Two overs later the speed gun clocked 144km/h for a lifter that Mitchell Marsh snicked into the cordon, to be dismissed via a juggle between second and third slips. Alex Carey lasted five balls, bowled between bat and pad as Joseph targeted one of the weaker forward defences in the Australian team. West Indies were into the tail and Pat Cummins’ men still needed 80 runs.

For a little while, Mitchell Starc’s brand of fierce hitting lifted Australia’s hopes, while Smith stayed in his bubble at the other end. Joseph, though, would not leave the attack, and eventually coaxed a skier from Starc. When Cummins fenced at another short ball and nibbled an edge behind, Australia were eight down with 41 to get.

Due to a playing condition allowing for an extension in the event of a result becoming possible, Kraigg Brathwaite kept the West Indies going for another four overs, delaying the dinner break. Nathan Lyon had several nervy moments, once hooking tantalisingly in the vicinity of fine leg, but the ninth wicket partnership held.

Throughout a spell that ultimately stretched to 10 unbroken overs, Joseph’s speed did anything but flag. He was as fast, at times, as 149km/h, as adrenaline and skill merged to give the Australians a helluva rough time. Never did captain Brathwaite look to snatch the ball from Joseph; never would Joseph have allowed him to.

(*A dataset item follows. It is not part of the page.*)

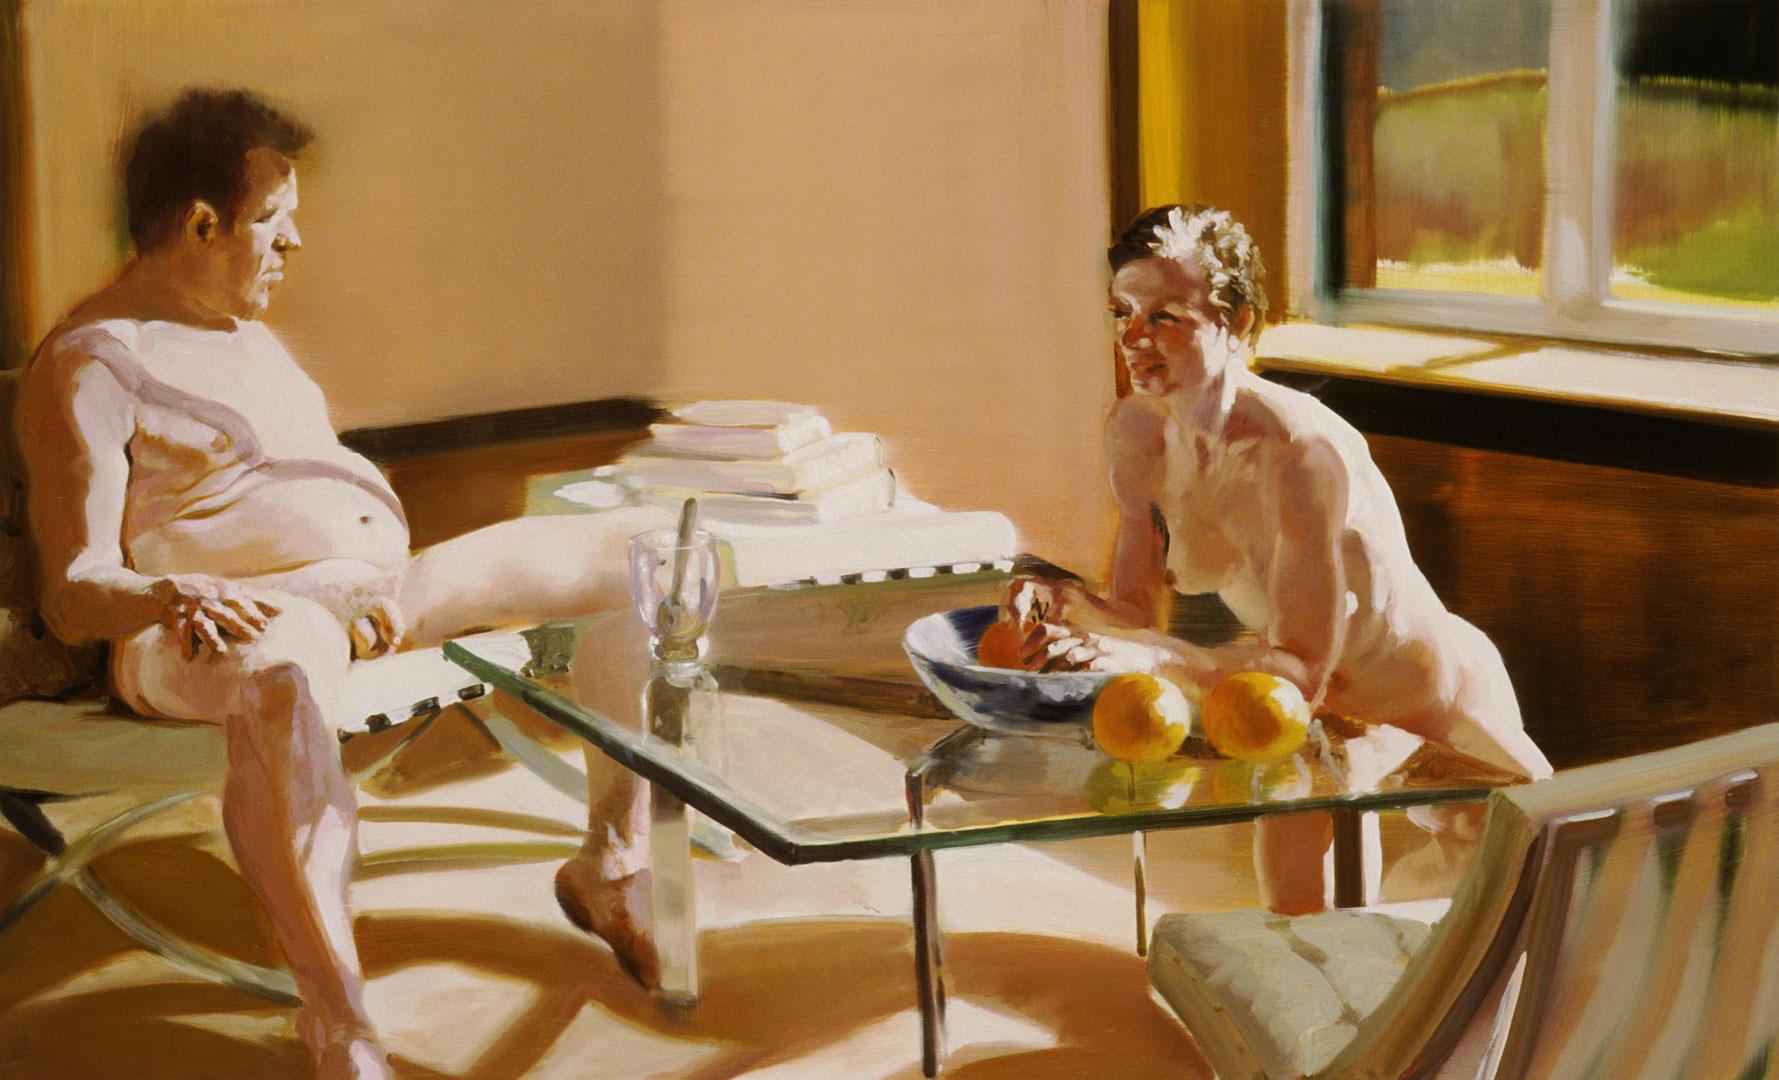 Krefeld Project; Sunroom, Scene #3, 2002. Oil on linen. 40.5 x 65 in. (103 x 165 cm)
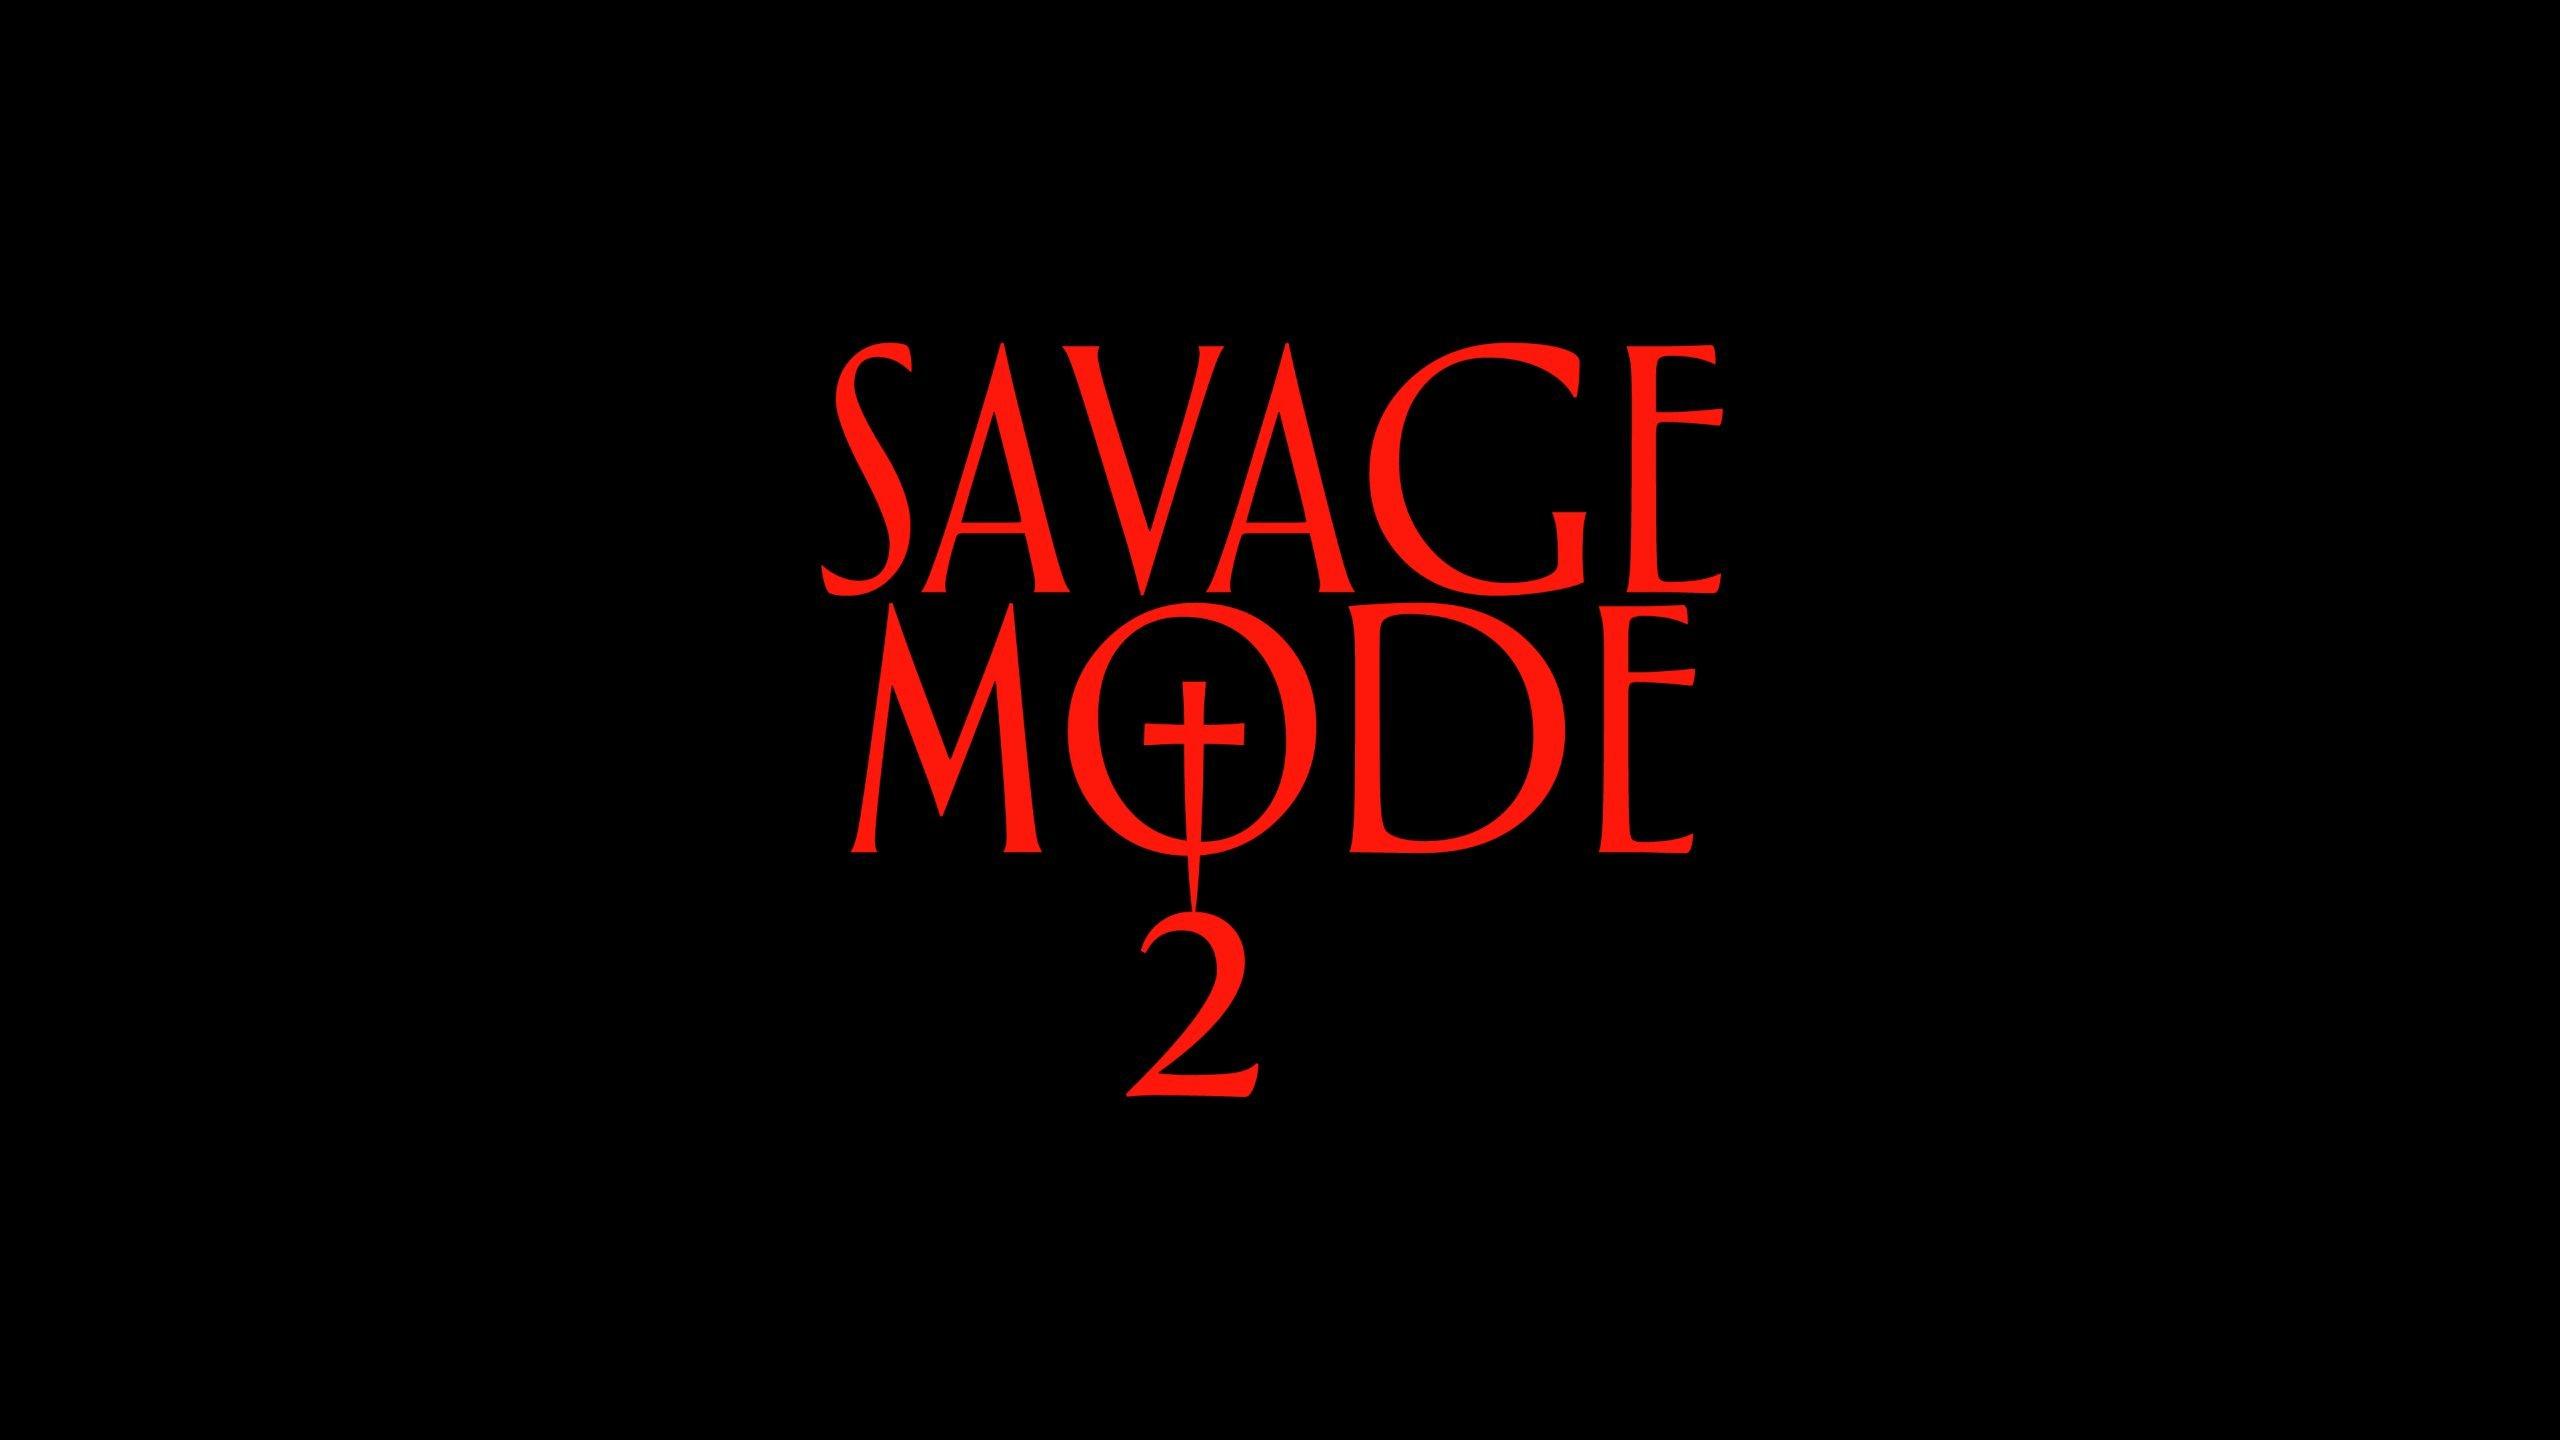 SAVAGE MODE II-merch-product 4 slider-02

Smith, by the way, played superbly. His pre-movement is now back in sync after struggles in the first three innings of the series, and he scored with security off both front and back feet to provide the spine of a chase that would have fallen completely apart otherwise. This time Joseph found the former captain impassable.

Lyon glanced a boundary on resumption, but then hooked compulsively at Alzarri Joseph and edged behind. Smith was left with 25 to get and only last man Josh Hazlewood for company.

Smith, his eye now gimlet, crashed one pull shot to the boundary, but gloved the next one narrowly wide of slips and shook his hand in pain. Next over he ramped Alzarri Joseph for an audacious six. A two and a single next over left Hazlewood with two balls to survive.

With his first attempt at Hazlewood, Joseph had not got things quite right. This time, though, he flung down a delivery that would have defeated many better players: off stump went flying, and Joseph led his teammates in uproarious celebrations that coalesced near the West Indies dugout.

It was a bowled heard round the world. At the Test’s climax ESPNcricinfo, the game’s global information source, reported more traffic for the Gabba than India’s parallel Test against England in Hyderabad. Joseph’s heroics created a tectonic shift in audience.

West Indies had not won in Australia since 1997; they had not won at the Gabba since 1988. Little wonder the 3162 spectators, part of a healthy match attendance of 67,164, applauded so warmly. They saw a finish every bit as memorable as the legendary tied Test of 1960 – another drama to end with a scene of West Indian jubilation.

In the commentary boxes and on the boundary, Brian Lara, Ian Bishop and Carl Hooper all wept with joy. Lara was later an attentive listener at Joseph’s press conference, and applauded warmly when the 24-year-old declared he would “always” be available to play Test cricket.

Lara, meanwhile, had purchased two bottles of Moet to take into the West Indian dressing room. Caribbean sides have always been great celebrators: Joseph had given this one something to rejoice in all the way back home.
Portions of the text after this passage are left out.